Zhangyang Wang works at TAMU.

Posts

Peek-a-boo: Occlusion Reasoning in Indoor Scenes with Plane Representations

We address the challenging task of occlusion-aware indoor 3D scene understanding. We represent scenes by a set of planes, where each one is defined by its normal, offset and two masks outlining (i) the extent of the visible part and (ii) the full region that consists of both visible and occluded parts of the plane. We infer these planes from a single input image with a novel neural network architecture. It consists of a two-branch category-specific module that aims to predict layout and objects of the scene separately so that different types of planes can be handled better. We also introduce a novel loss function based on plane warping that can leverage multiple views at training time for improved occlusion-aware reasoning. In order to train and evaluate our occlusion-reasoning model, we use the ScanNet dataset and propose (i) a strategy to automatically extract ground truth for both visible and hidden regions and (ii) a new evaluation metric that specifically focuses on the prediction in hidden regions. We empirically demonstrate that our proposed approach can achieve higher accuracy for occlusion reasoning compared to competitive baselines on the ScanNet dataset, e.g. 42.65% relative improvement on hidden regions.
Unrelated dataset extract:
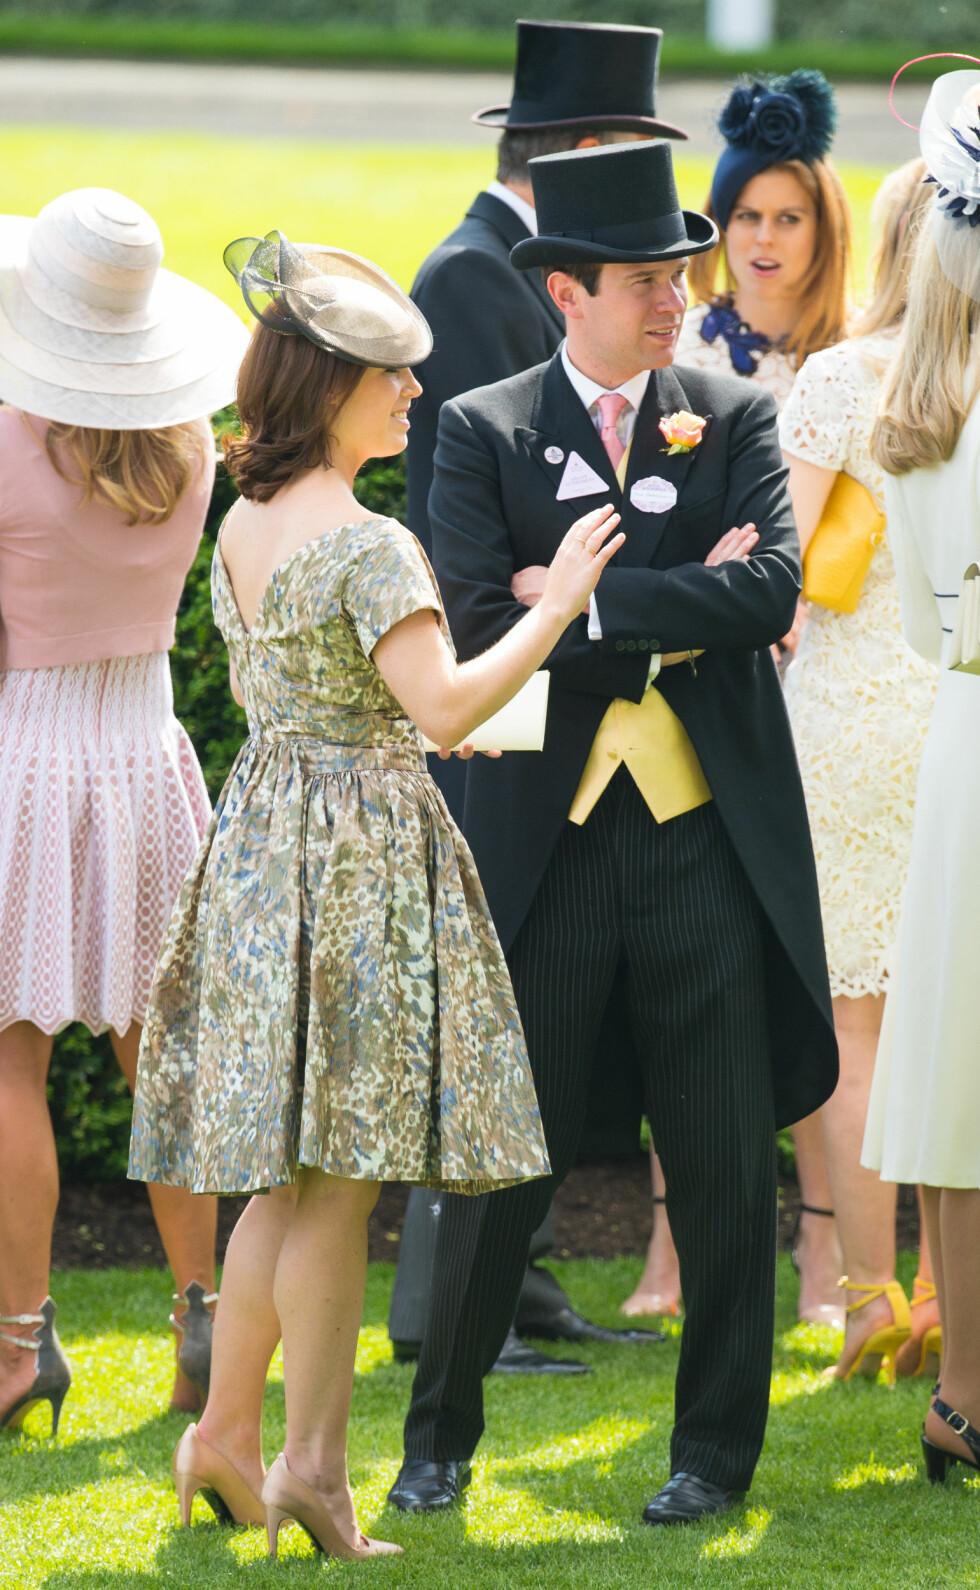 I DE ROYALE KRETSER: Prinsesse Eugenie er den åttende i rekken til den britiske tronen. Foto: NTB Scanpix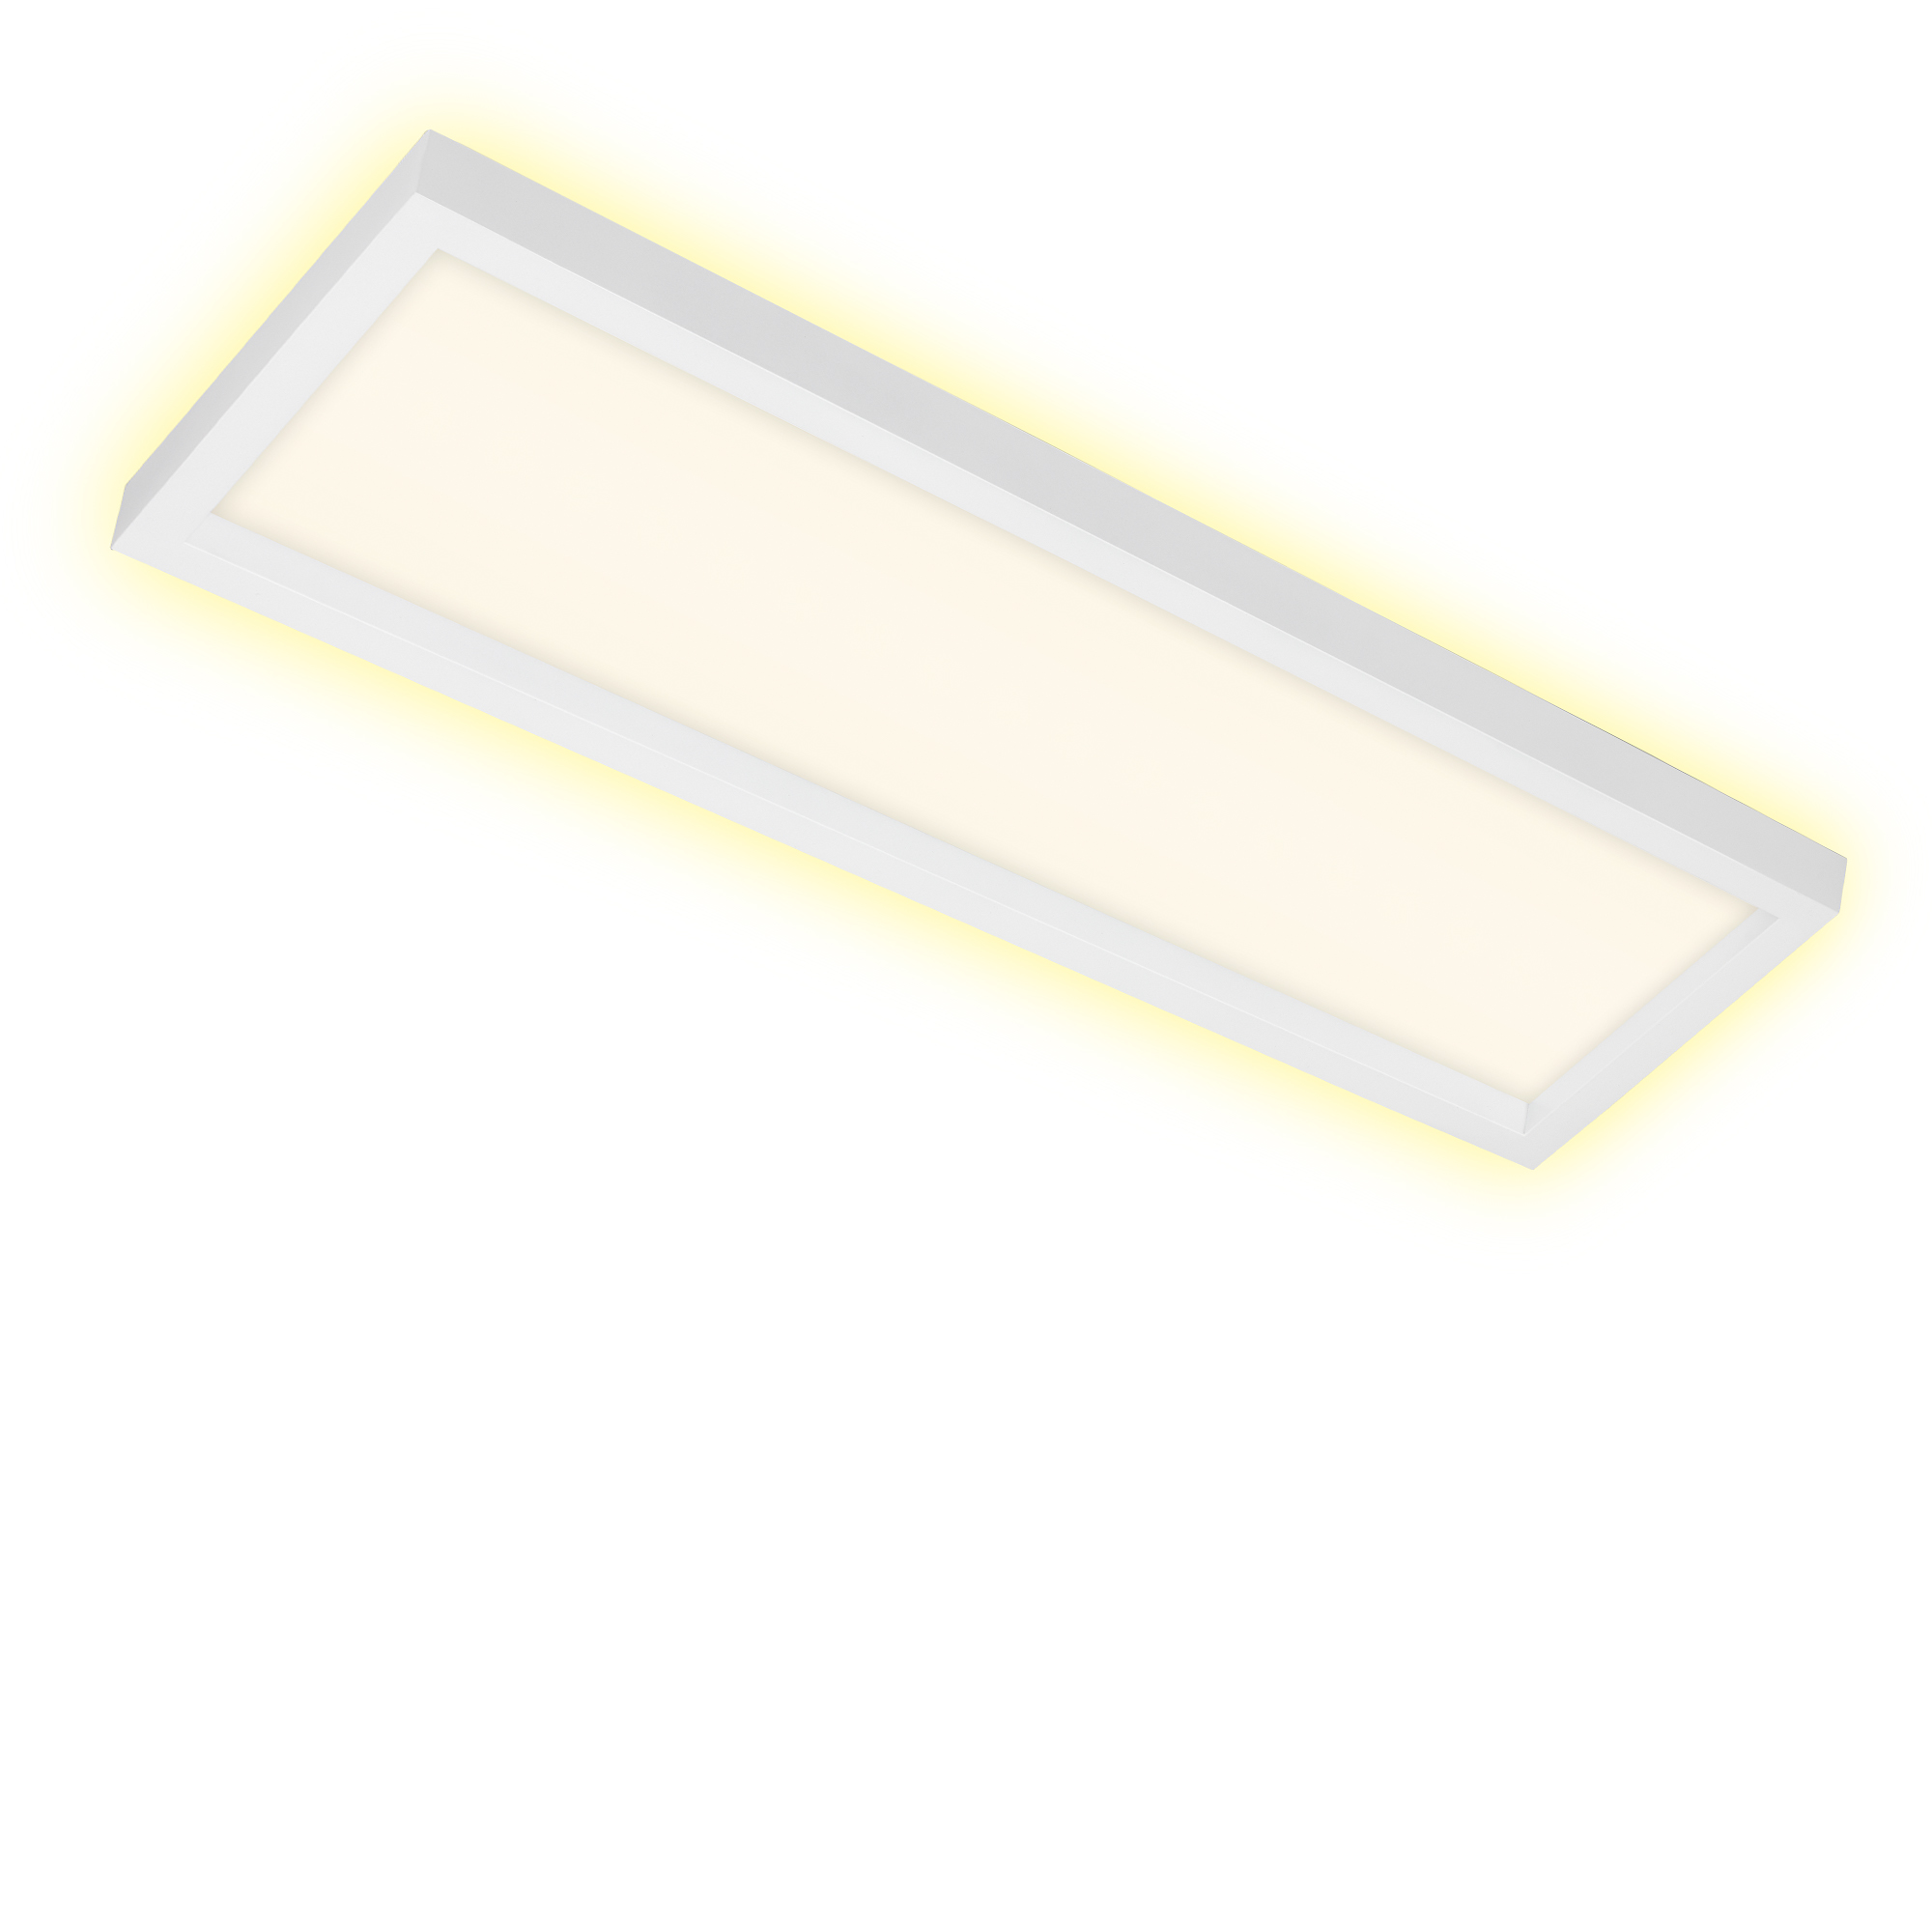 LED Panel, 58,2 cm, 3000 LUMEN, 22 WATT, Weiss

DAVID: Dual-Attentional Video Deblurring

Blind video deblurring restores sharp frames from a blurry sequence without any prior. It is a challenging task because the blur due to camera shake, object movement and defocusing is heterogeneous in both temporal and spatial dimensions. Traditional methods train on datasets synthesized with a single level of blur, and thus do not generalize well across levels of blurriness. To address this challenge, we propose a dual attention mechanism to dynamically aggregate temporal cues for deblurring with an end-to-end trainable network structure. Specifically, an internal attention module adaptively selects the optimal temporal scales for restoring the sharp center frame. An external attention module adaptively aggregates and refines multiple sharp frame estimates, from several internal attention modules designed for different blur levels. To train and evaluate on more diverse blur severity levels, we propose a Challenging DVD dataset generated from the raw DVD video set by pooling frames with different temporal windows. Our framework achieves consistently better performance on this more challenging dataset while obtaining strongly competitive results on the original DVD benchmark. Extensive ablative studies and qualitative visualizations further demonstrate the advantage of our method in handling real video blur.